Vital Statistics:
Last | Change | |
S&P futures | 4,174 | 22.8 |
Oil (WTI) | 71.82 | -0.34 |
10 year government bond yield | 1.47% | |
30 year fixed rate mortgage | 3.22% |
Stocks are higher this morning on no real news. Bonds and MBS are up.
The 10-year traded as low as 1.36% in the overnight session. Not sure what was driving that, but after the FOMC increase in rates last week based on the updated dot plot, the 10 year has done nothing but fall in yield. Like usual, mortgage backed securities (which determine mortgage rates) have been lagging the move.
We will have a decent amount of economic data this week with existing home sales, new home sales, personal incomes and spending, and GDP. The GDP number is the third estimate for the first quarter. We will also have a lot of Fed-Speak.
The economy picked up in May, according to the Chicago Fed National Activity Index. That said, the number came in way below expectations.
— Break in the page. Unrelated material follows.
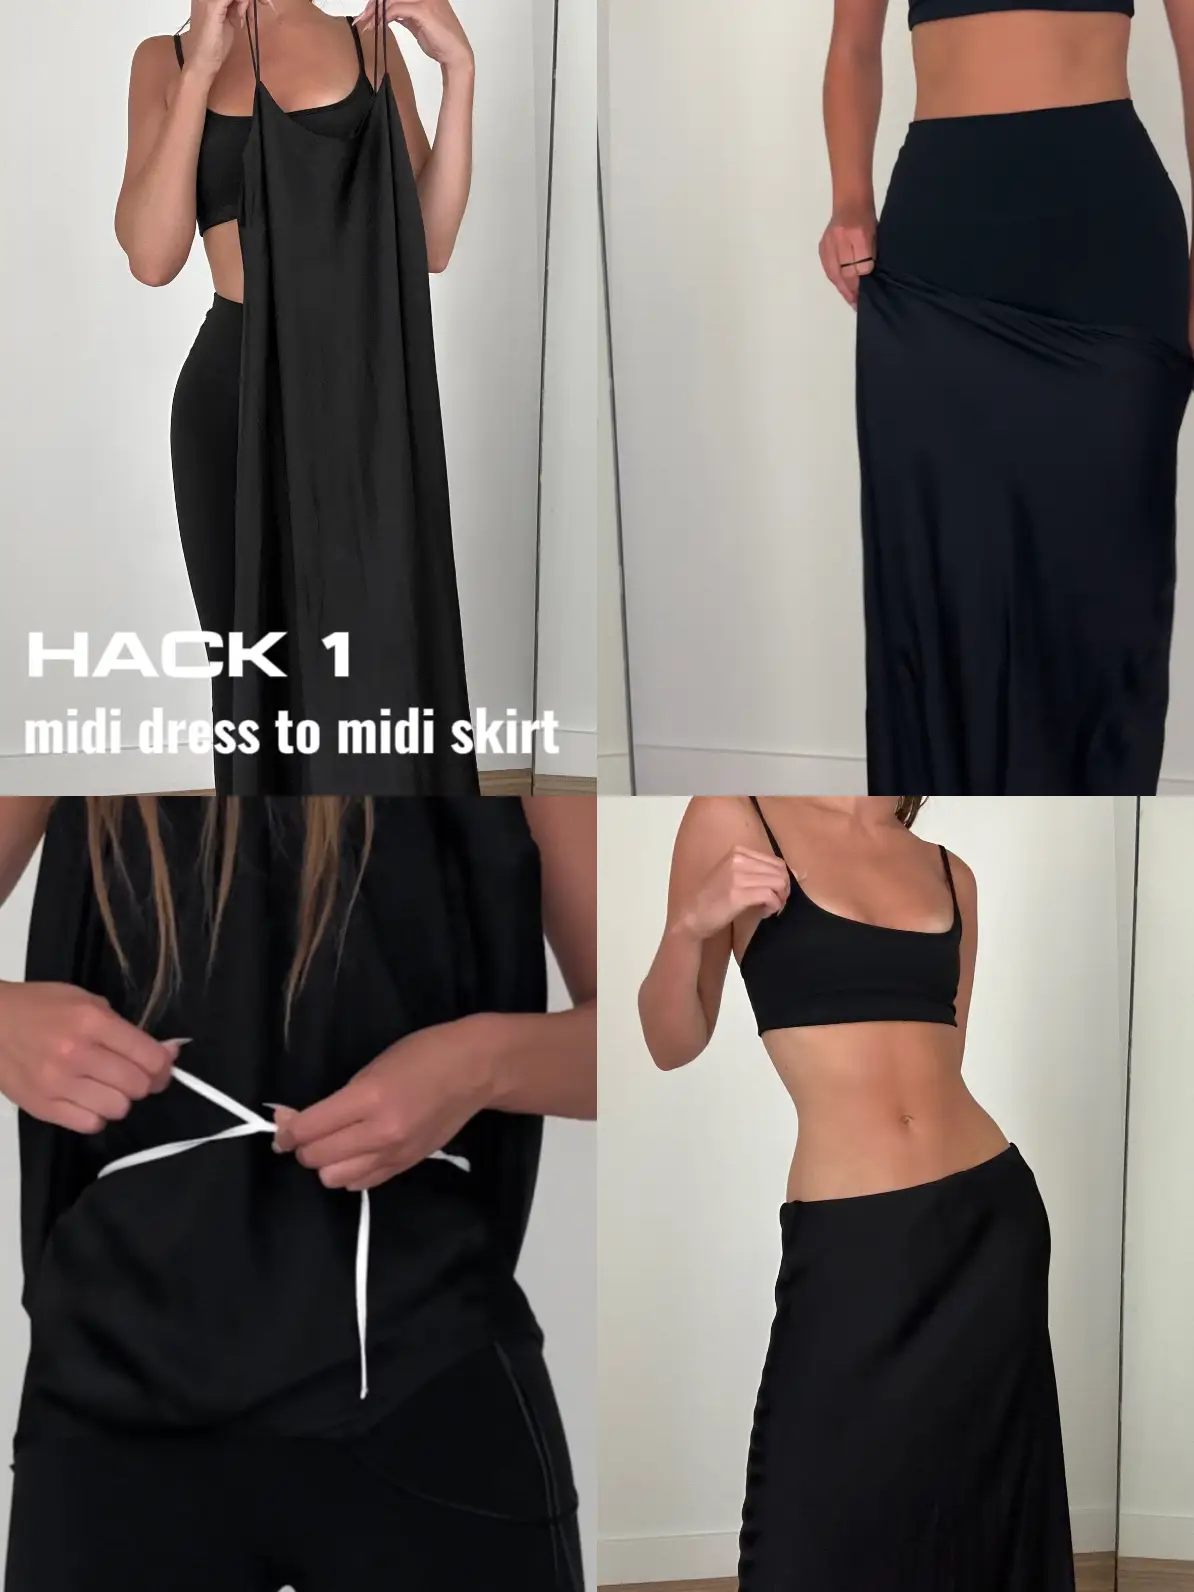 HOW TO WEAR A BRA WITH A ONE SHOULDER DRESS #fashionhacks #fashionhack

The CFNAI is sort of a meta-index of 85 different economic indictors. The COVID lockdowns of a year ago are introducing all sorts of noise into just about every economic statistic. The punch line is that economic growth has probably peaked for the year.
Invitation Homes CEO Dallas Tanner is sanguine about the housing market: “I would expect that home prices stay relatively stable, if not continue to grow in value for the homeowners in the country, but we’ll find our ways to pick our spots whether through our partnerships with builders or our ability to buy one-off,” Tanner said. “We view the housing environment overall as extremely healthy.”
With the big increases in housing prices this year, the media types are asking questions about whether we have another housing bubble, similar to 2006. The United States does not. Other countries do. Housing bubbles are quite rare, and only come around once or twice a century. A lot of pieces need to be in place to create one, and the biggest one is a belief amongst buyers, sellers, lenders, and regulators that an asset is “special” and cannot fall in price. Anyone who is old enough to sign a mortgage doc knows that isn’t the case.
Buyers are beginning to balk at higher home prices, according to a report from Redfin. Its Homebuyer demand index peaked about 9 weeks ago, and is down 14% since. “Offers no longer pour in the day a home hits the market,” said Phoenix Redfin real estate agent John Biddle. “It has become more common for offers to come in at least a few days after a home is listed for sale. If this were three years ago, we’d marvel at how fast the market was, but it’s a clear slowdown from a few weeks ago. Now that things are opening up again and the summer is almost here, people have other priorities, like going on vacation. Plus, many homebuyers are frustrated and tired of competing, so they’ve stepped back—for now at least.”
With inflation rising, it is helpful to put the numbers in perspective. Inflation is going to be high for the rest of the year as shortages and COVID noise drive up the numbers. The Fed predicts that the Personal Consumption Index will rise 3.5% this year. Take a look at the chart below and see what that looks like historically.

Not too dramatic, is it? Certainly not like the 1970s, which were driven mainly by oil prices. If anything we are headed back to historical norms after a bout of exceptionally low inflation. The question the Fed is grappling with is how much of the current inflation is due to COVID and how much is not. That will depend largely on wage growth, and given the seemingly ubiquitous “help wanted” signs these days these price increases may turn out to be more permanent.